Despite much research into the consequences of maternal stress in the offspring, it remains unclear how the sex-specific effects of maternal psychological stress are transmitted from the mother to the fetus(es). The placenta, as the interface between mother and fetus, is likely to play a key role in maternal programming of fetal development (O'Donnell et al., 2009; Brunton and Russell, 2011; Bronson and Bale, 2016). Indeed, maternal exposure to different stressors affects placental growth and morphology (Hewitt et al., 2006; Walker et al., 2013), metabolism and endocrine function (Mairesse et al., 2007; Fowden et al., 2009; Bonnin et al., 2011; O'Donnell et al., 2012), gene expression (Mairesse et al., 2007; Mueller and Bale, 2008; Gheorghe et al., 2010; Ponder et al., 2011; Jensen Pena et al., 2012; O'Donnell et al., 2012; Howerton et al., 2013) and the epigenetic profile (Jensen Pena et al., 2012; Palma-Gudiel et al., 2018) – characteristics that have been associated with altered fetal neurodevelopment and disease (Hamdan et al., 2009; Howerton et al., 2013; Howerton and Bale, 2014; Green et al., 2015; Perez-Garcia et al., 2018). In addition, growing evidence indicates that excessive oxidative stress is associated with adverse pregnancy outcomes, which in turn may contribute to fetal programming of disease in later life (Rakers et al., 2017). Indeed, we previously showed that using an antioxidant to block the increase in placental oxidative stress induced by maternal hypoxia, prevents abnormal neurobiological changes in the offspring (Phillips et al., 2017). However, it is not yet known whether maternal social stress induces oxidative stress in the mother, placenta and/or fetuses, or what role, if any; this may play in mediating the impact of maternal stress on the offspring's brain and behavior.
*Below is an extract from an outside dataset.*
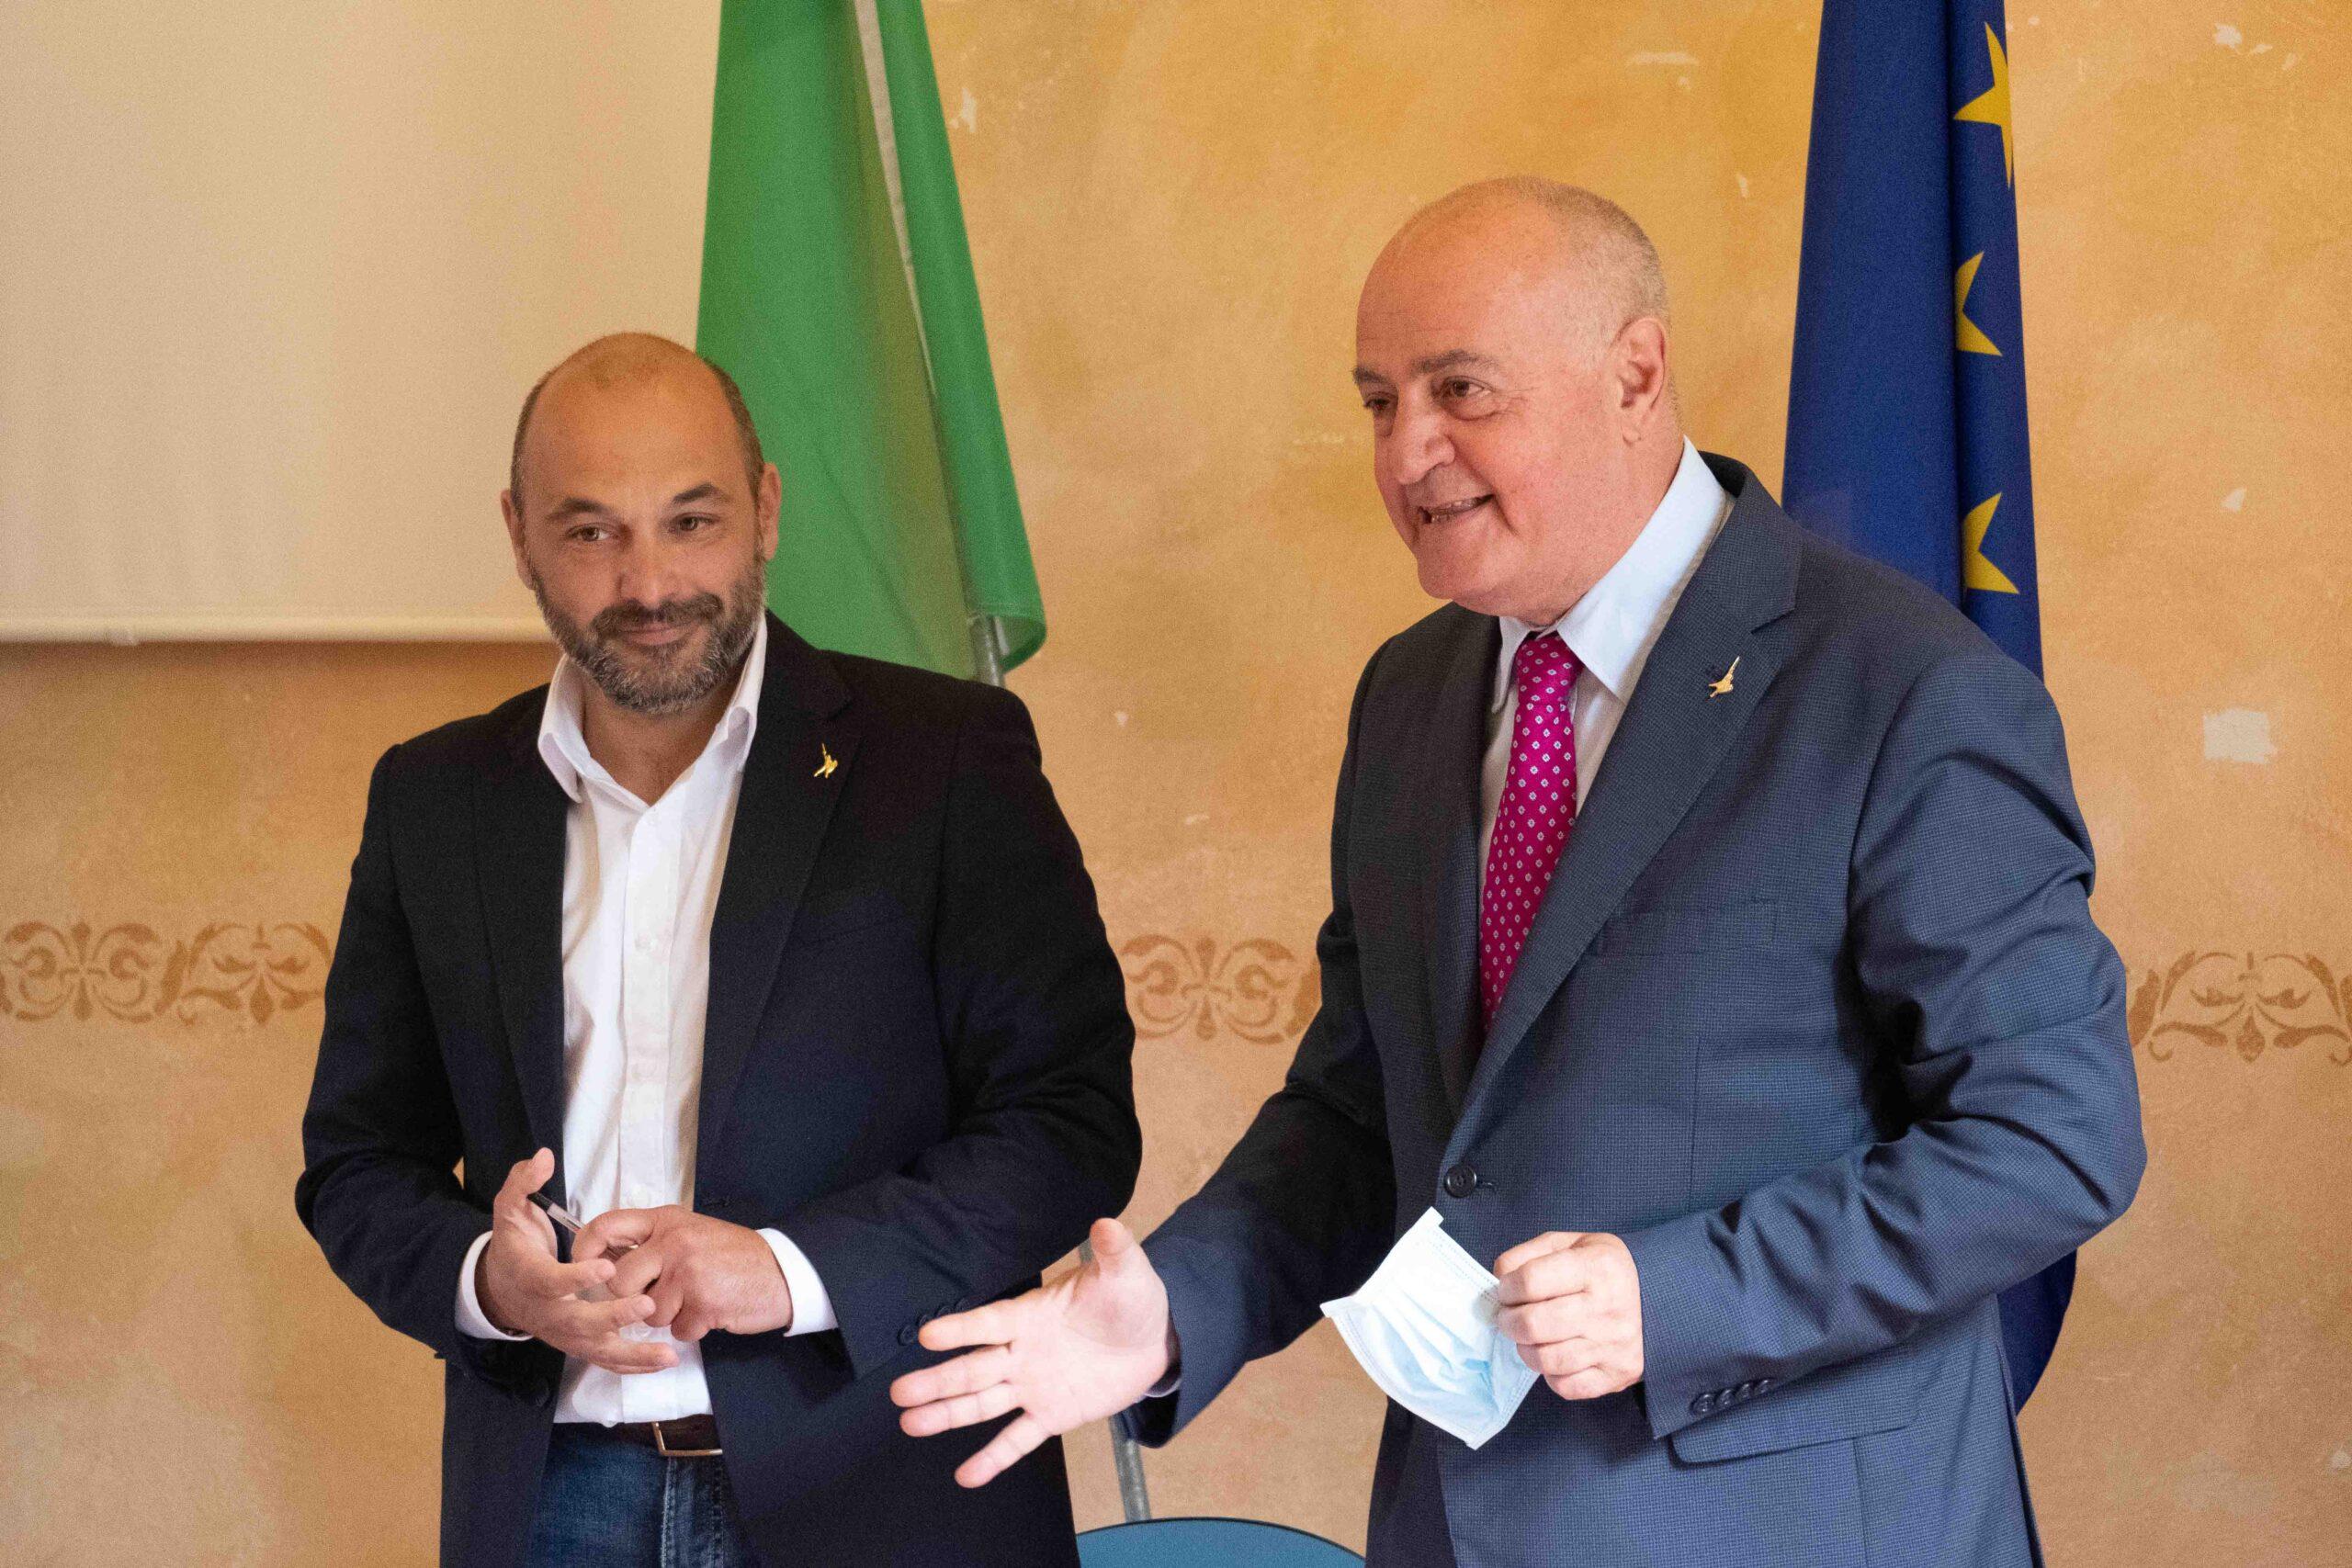 """Angelosante replica al coordinatore azzurro su candidato a sindaco centrodestra: """"Avezzano si aspetta Tiziano Genovesi con una coalizione unita"""""""

Therefore, here, using a rodent model of maternal psychosocial stress during pregnancy, we investigated the role of the placenta and oxidative stress in mediating the effects of prenatal stress on the fetus. After first establishing a role for maternal social stress in inducing oxidative stress in the placenta, we tested whether: (i) the sex-specific behavioral effects of maternal social stress are associated with sex-specific neurobiological changes in the offspring's brain, particularly focussing on altered inhibitory GABAergic signalling in the amygdala and hippocampus; (ii) administration of an antioxidant to reduce oxidative stress in the placenta could prevent these behavioral and neurobiological effects of maternal stress in the offspring; and (iii) microRNAs are differentially secreted from the placenta in response to maternal social stress. Our overarching aim was to better understand the factors involved in mediating the changes in the offspring's brain and behavior following maternal social stress exposure in pregnancy.
2. Materials & methods
2.1. Animals
All animal procedures were conducted in accordance with the UK Animals (Scientific Procedures) Act 1986 and the European Directive (2010/63/EU), with institutional approval from the University of Edinburgh Animal Welfare and Ethical Review Body.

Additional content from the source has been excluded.